Encouragingly, the focus and discourse permeating the local football fraternity in recent times have predominantly been about the development of our young players. It has been a long and rocky road, but Jamaicans have finally come to the realisation that the clearest path to sustainable relevance in the world game is through the nurturing and development of our young players.
The Red Stripe Premier League clubs, to their credit, have been seeing the light and heeding the call to give more young players more playing time in the nation's top league, which, under our imperfect circumstances, remains the most prudent and realistic way of expediting the development of these young players, in keeping with the best practices across the wider football world.
The equation is, however, far from complete. The development of our young players is but the first phase of the cycle; the next step is to get as many of our top youngsters into the best possible foreign leagues around the world. The local Premier League will not realistically become a viable top-quality football league anytime soon. Even the notion of a franchise system with, and wholesale private-sector ownership of, the local clubs will not yield a competitive product relative to the big money leagues of Europe, or even the lesser leagues of South and Central America.
LOFTY AMBITIONS
Therefore, in keeping with our lofty ambitions of becoming consistently competitive in international football, the immediate objective will remain getting our top young players into the world's top football leagues. The United Soccer League and even Major League Soccer, both in the United States, just will not cut it.
It is impossible to have a current and credible discussion about young players in Jamaica without referring to the ongoing journey of Leon Bailey. While Bailey himself has been busy focusing on creating waves in the German Bundesliga, the man who orchestrated that journey continues to tell the story we all know by now, and the story we should never forget.
Craig Butler is the man most perfectly placed to help in the completion of the developmental cycle of Jamaica's young players. The Jamaica Football Federation (JFF) cannot afford to have the expertise and experience of Craig Butler go to waste. Butler has, through his hard and smart work, and his dedication to the cause, put himself in a position where he can to open the doors of opportunities in Europe for our young Jamaican players.
The success of Leon Bailey will not just serve to inspire the next generation of Jamaican players, but Bailey's unique and exquisite talent, added to his model professionalism and focus, which have seen him blossoming into one of the world's top young players, will also open the eyes of big clubs across Europe to the realistic possibility of more players of the ilk of Bailey coming out of Jamaica. We must capitalise on this once-in-a-lifetime moment.
Butler is doing his best with the Phoenix Academy pool of players, but the Jamaican pool is much wider. If somehow, Butler with all his contacts and familiarity with the nuances of getting football deals done, his expertise could be applied to the national good, it would be promising, to say the least, for Jamaican players and, ultimately, Jamaica's football.

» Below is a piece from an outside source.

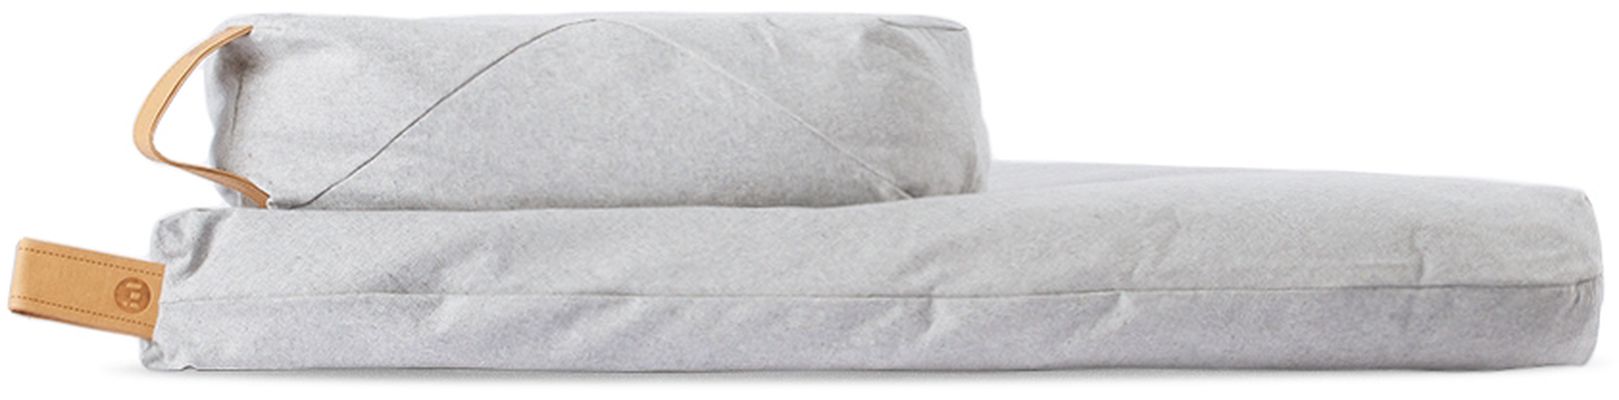 project full Gray Natural Canvas Meditation Cushion Set
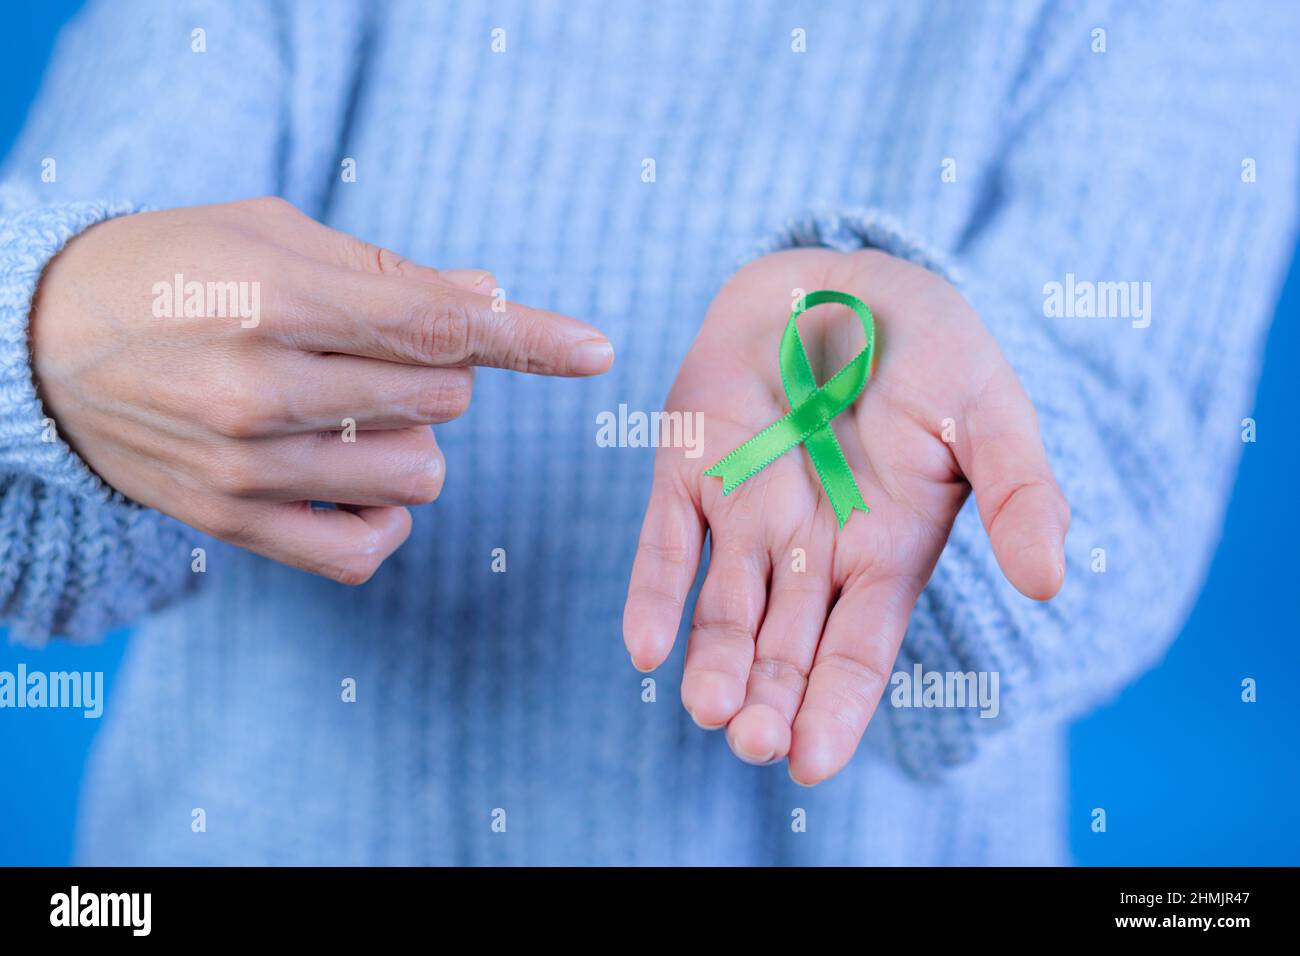 Grünes Band zur Unterstützung des Bewusstseins für Leber- und Nebennierenkrebs, menschliche Hände halten grünes Band. Weltkrebstag. Platz für Text Stockfoto

Craig Butler drives a hard bargain and is obviously no easy nut to crack, especially with all that murky water flowing under the bridge between himself and local football officialdom, but it would be an absolute travesty if Jamaica's football misses this opportunity. If some kind of collaborative effort between Butler and the federation fails to materialise, the technical leadership of the JFF needs to set their egos aside and show appreciation and understanding of the value to the pioneering work done by Butler in this pivotal and specialised area.
Nurturing and development aside, the young talent will need an outlet and a gateway to the professional world, failing which the entire process will inevitably capsize. Butler has already created a blueprint for that outlet. It is now incumbent on the JFF leadership to either get a hold of that blueprint and use it, or get the author of that blueprint to use it on Jamaica's behalf.